Никто не ответил. Все молчали. Застыли в ожидании. Витек скусывал шершавинки с губ. Он злился, негодовал. Смешная ситуация. Анекдот. Байка. На зоне рассказать, все зэки животы надорвут. Попался на мякине. На старом навозе. Константин застонал. Лева приподнял бесчувственное тело Константина. Но тут же получил удар по голове. И свалился прямо на соперника. Так они и лежали вдвоем. Беспомощные и беззащитные близнецы. Витек вынул целлофановый пакет из кармана капитана, деловито переложил в свой. Но тут же рухнул на пол, прикрыв своим телом двух братьев. Чуркин пошуровал в кармане Витька, вытащил конверт, успел сунуть в задний карман брюк, как его самого свалила та же самая чума по имени Алчность. Чуркина огрели чем-то тяжелым, тупым, железным. Это была сковорода. Медная, старинная, с огромной витой ручкой. Оксана отбросила сковороду в угол и, сноровисто поблескивая ноготками, вытащила из заднего кармана Николая пакет с деньгами и спрятала его на своей груди. Надежно упаковала в бюстгальтер. Как будто навечно замуровала. Но и Пономарев не терял времени даром. Дедушка накинул на тонкую шею внучки махровое полотенце и затянул петлю, бережно, по-родственному. Леонид Витальевич вытащил из девичьего лифчика пакет и оглянулся на остальную команду. И вдруг застыл, испугался. На него смотрело шесть глаз. От напряжения разлетались искры. В разные стороны. Безумный огонь вылетал из трех глоток. Санек очумело сопел. Совок хрипел. Колек сипел. Такого они еще не видели. Все видели. Разное. Но такое… Век свободы не видать. Дед попятился, наткнулся на стену. Хотел вжаться в нее, чтобы пройти насквозь, но не вышло. Стена сомкнулась, не пропустила тщедушное тело. Шесть рук слились в одну железную кисть и в едином ритме вцепились в стариковское горло. Отставное тело повисло и выскользнуло из железной хватки, обрушившись на груду бесчувственного мяса. Совок опомнился первым. Он разжал сморщенные пальцы Пономарева, но тот в беспамятстве лишь еще крепче зажал заветный пакет. Совок подергал, подергал да и выдернул. Вложил пакет в кепку, кепку насадил на голову. Пономарев очнулся, задергался, пошуровал сморщенными пальцами. Пусто. Вскочил и помчался за обидчиками. Кто-то пнул старика, он взвыл и мешком свалился на пол, пополз по-пластунски в коридор, сморкаясь и отплевываясь. Совок тщетно пытался спасти от поругания тело командира.
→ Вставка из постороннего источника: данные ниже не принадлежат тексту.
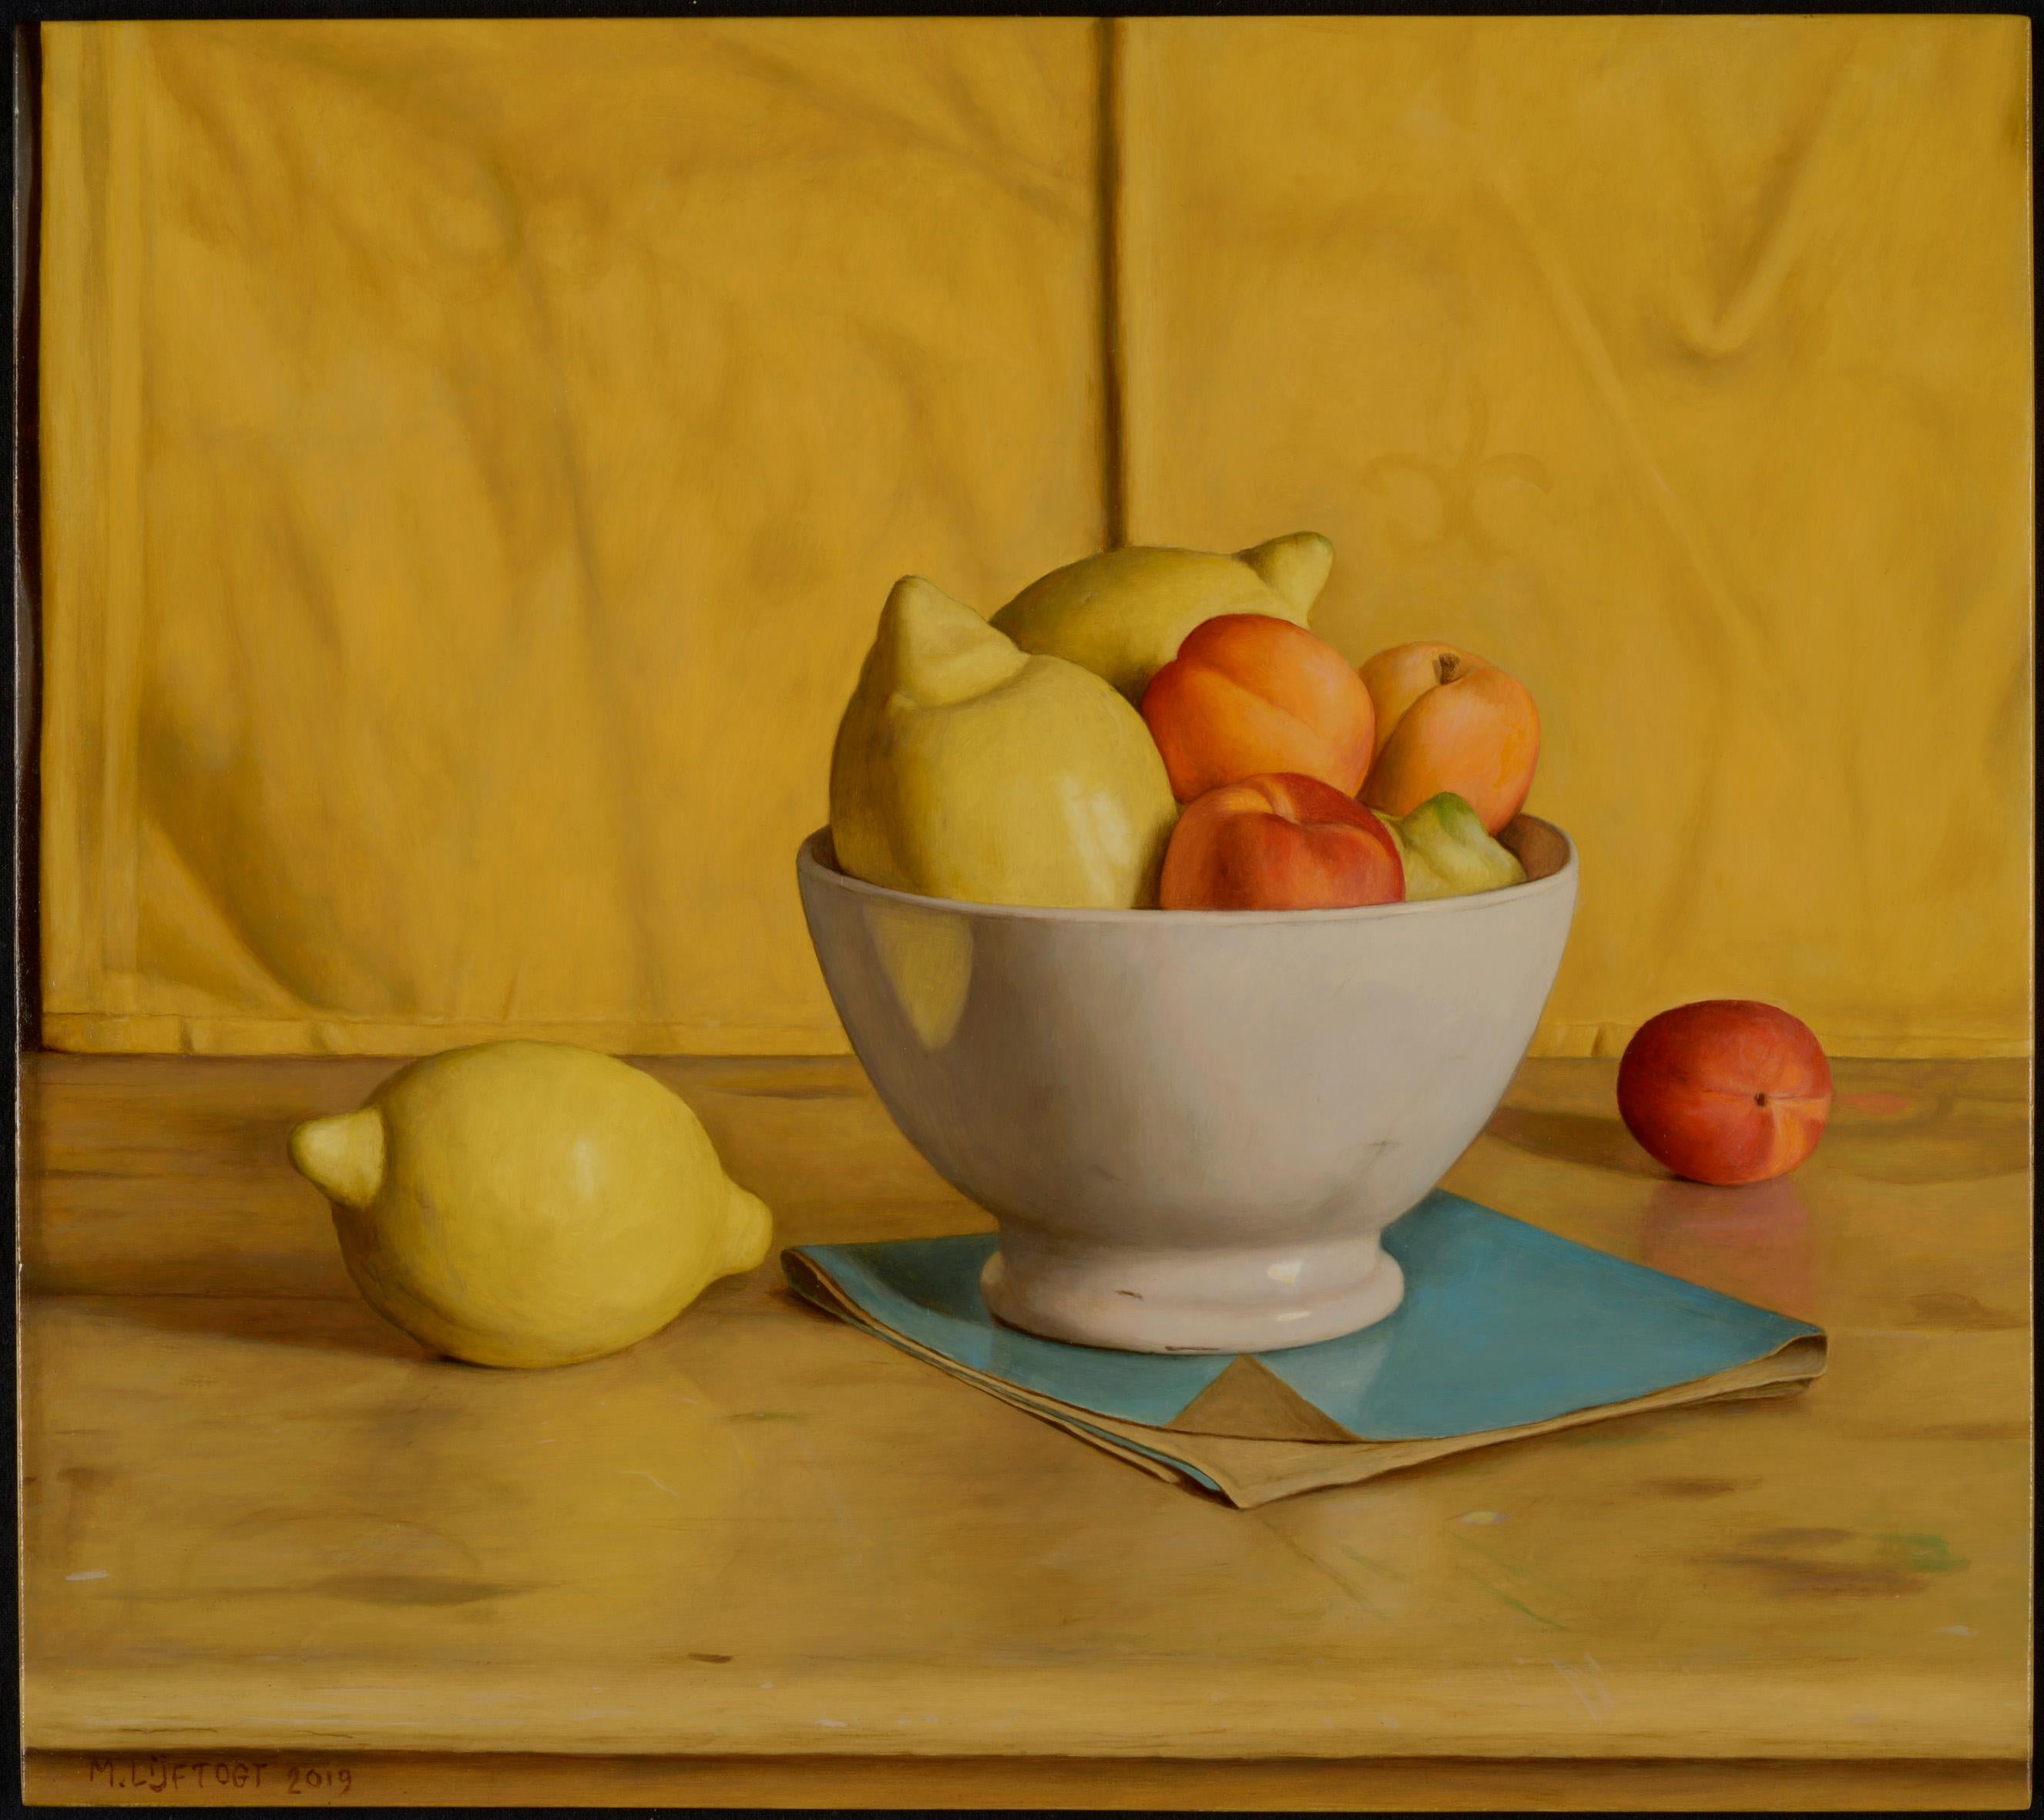 Vibrant & Vivid Still life painting 'Yellow Napkin' with lemons, peaches & Bowl

– Труба зовет, – прохрипел он, вытаскивая из общей свалки бесчувственное тело Витька. – Вставай, Витек, вставай, корешок.

Он взвалил друга на плечо и направился к выходу. Уже взялся за щеколду, повернул язычок, но его кто-то дернул за свободное плечо, то самое, на котором не было Витька. Совок отпустил щеколду. Замок звонко щелкнул. Дверь захлопнулась. Совок оглянулся. Перед ним стоял Лева.

– Положь груз на место, – сказал капитан и дернул вражеское плечо во второй раз.

Совок не удержал равновесия. Витек слетел с него, как пыль, будто ветром сдуло. Груз шумно шваркнулся на пол. И все началось сначала. Кто-то вынимал пакет с деньгами, кто-то стучал по чьей-то голове тяжеленной сковородой, кто-то зажимал окровавленный нос. И над всеми возвышался невозмутимый Лева Бронштейн. Он озирал свалку равнодушным взглядом.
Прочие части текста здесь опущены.